When glibc is built from ABS with debug symbols, the debugger points to sysdeps/ieee754/dbl-64/e_pow.c:77 as the culprit:

r = __builtin_fma (z, invc, -1.0);

I assume that something is not entirely okay with glibc's multi-arch support (i.e. detecting supported instruction set extensions of the running system and swizzling in the optimal codepath on first call), but I don't know whether this is a glibc, gcc or binutils issue. It appears that a non-FMA4 implementation of pow() is chosen, but this implementation was compiled with FMA4 support for some reason, which means __builtin_fma is compiled to a FMA4 instruction, which leads to the illegal instruction signal on execution.

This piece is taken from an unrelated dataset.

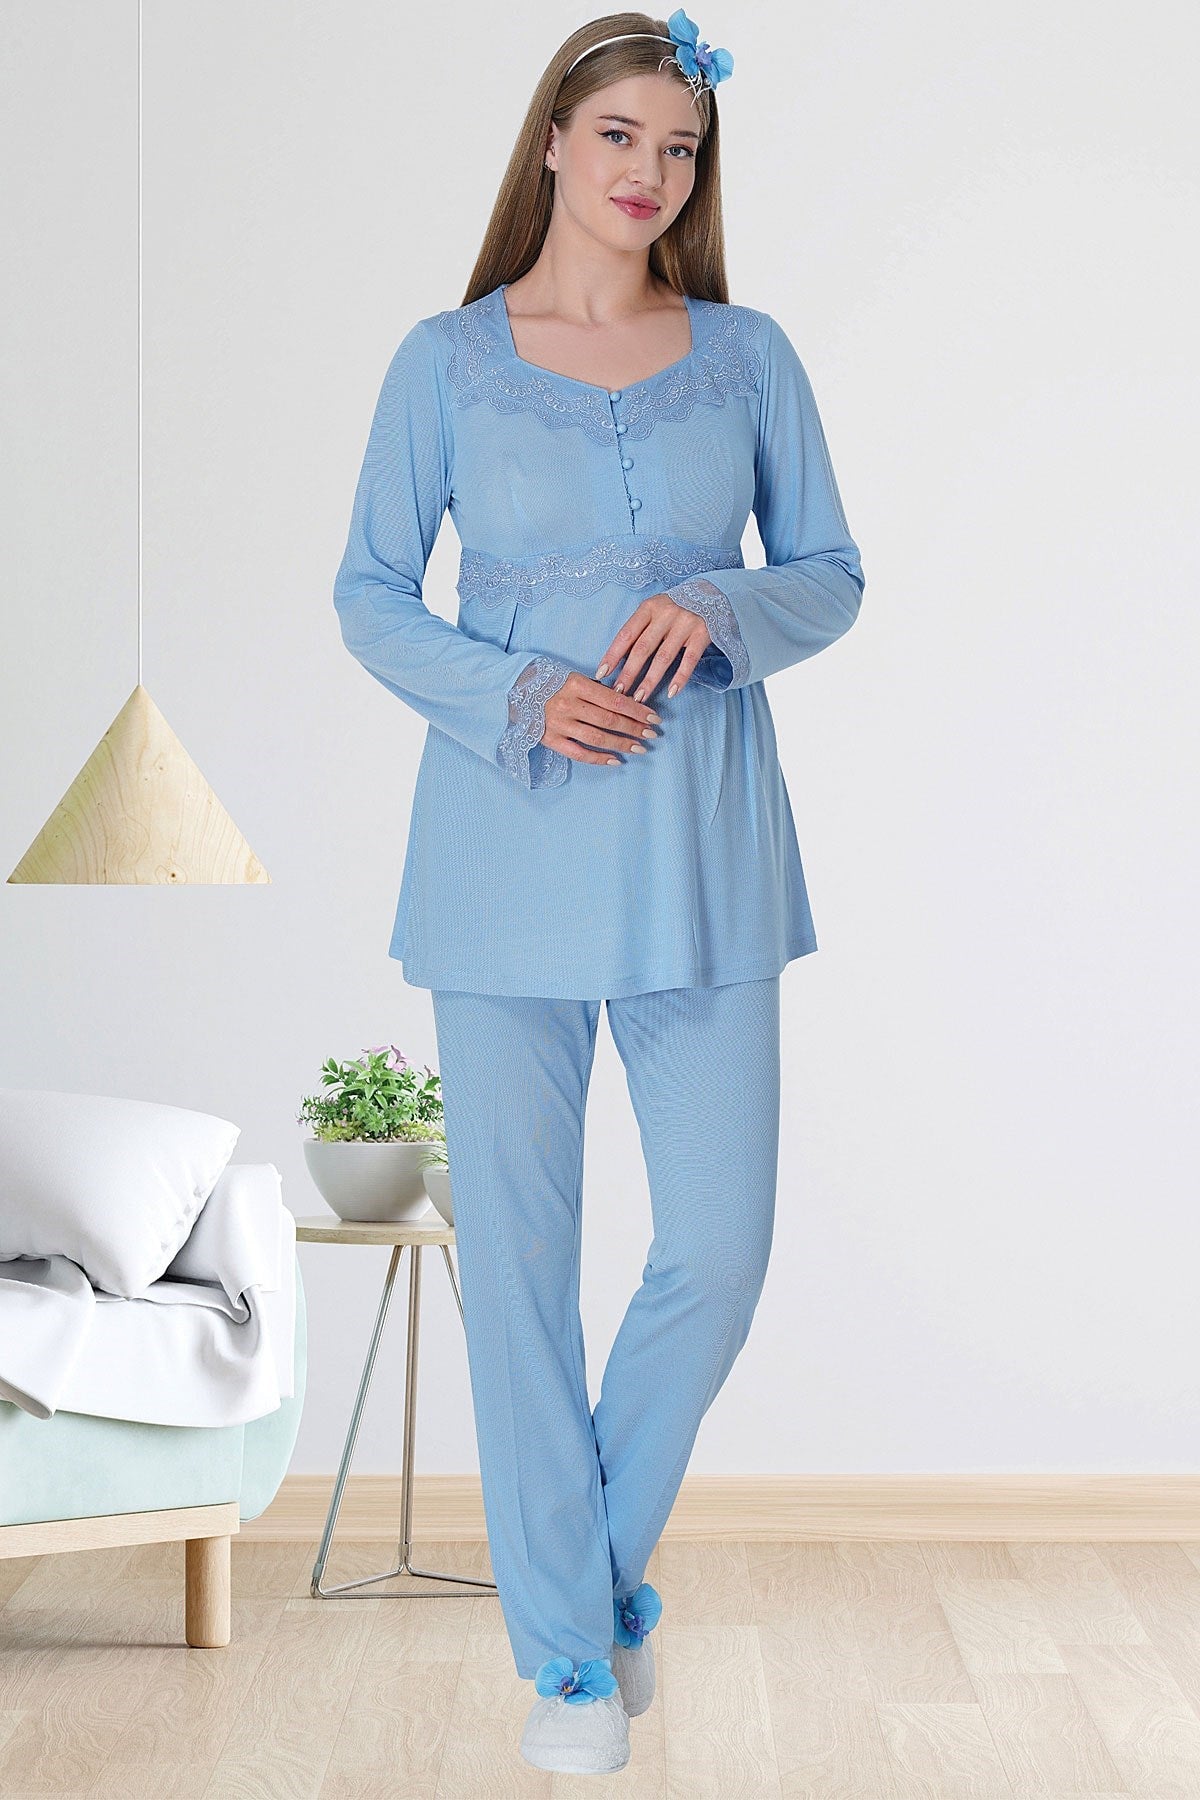 Shopymommy 5711 Lace Detailed Maternity & Nursing Pajamas Blue

This issue crashes most nontrivial Python scripts, so I have increased the severity to High.

I will now attempt to build glibc with --disable-multi-arch and report back.
This task depends upon

Closed by  Bartłomiej Piotrowski (Barthalion)
Friday, 04 September 2020, 06:08 GMT
Reason for closing:  Fixed
Additional comments about closing:  glibc 2.32-4
Comment by Ondřej Hošek (RavuAlHemio) - Tuesday, 25 August 2020, 11:35 GMT
Building with --disable-multi-arch makes the issue disappear.
Comment by Allan McRae (Allan) - Tuesday, 25 August 2020, 11:54 GMT
What processor do you have?
Comment by Ondřej Hošek (RavuAlHemio) - Tuesday, 25 August 2020, 12:04 GMT
WMware-hypervised Intel Xeon Gold 6150. Excerpt from /proc/cpuinfo:

processor : 0
vendor_id : GenuineIntel
cpu family : 6
model : 63
model name : Intel(R) Xeon(R) Gold 6150 CPU @ 2.70GHz
stepping : 0
microcode : 0x2000069
cpu MHz : 2693.672
cache size : 25344 KB
physical id : 0
siblings : 1
core id : 0
cpu cores : 1
apicid : 0
initial apicid : 0
fpu : yes
fpu_exception : yes
cpuid level : 13
wp : yes
flags : fpu vme de pse tsc msr pae mce cx8 apic sep mtrr pge mca cmov pat pse36 clflush mmx fxsr sse sse2 ss syscall nx pdpe1gb rdtscp lm constant_tsc arch_perfmon nopl xtopology tsc_reliable nonstop_tsc cpuid pni pclmulqdq ssse3 fma cx16 pcid sse4_1 sse4_2 x2apic movbe popcnt aes xsave avx f16c rdrand hypervisor lahf_lm cpuid_fault pti ssbd ibrs ibpb stibp fsgsbase smep arat md_clear flush_l1d arch_capabilities
bugs : cpu_meltdown spectre_v1 spectre_v2 spec_store_bypass l1tf mds swapgs itlb_multihit
bogomips : 5389.81
clflush size : 64
cache_alignment : 64
address sizes : 40 bits physical, 48 bits virtual
power management:

(+ processor 1 with the same specs)
Comment by Ondřej Hošek (RavuAlHemio) - Tuesday, 25 August 2020, 13:00 GMT
I've looked deeper into the build artifacts of a multi-arch debug build. The FMA4 instructions only appear in the fma4 variants of the relevant functions (e.g. __ieee754_pow_fma4), so the issue is not with the non-FMA4 implementations suddenly getting FMA4 instructions, but the FMA4 implementations being chosen erroneously.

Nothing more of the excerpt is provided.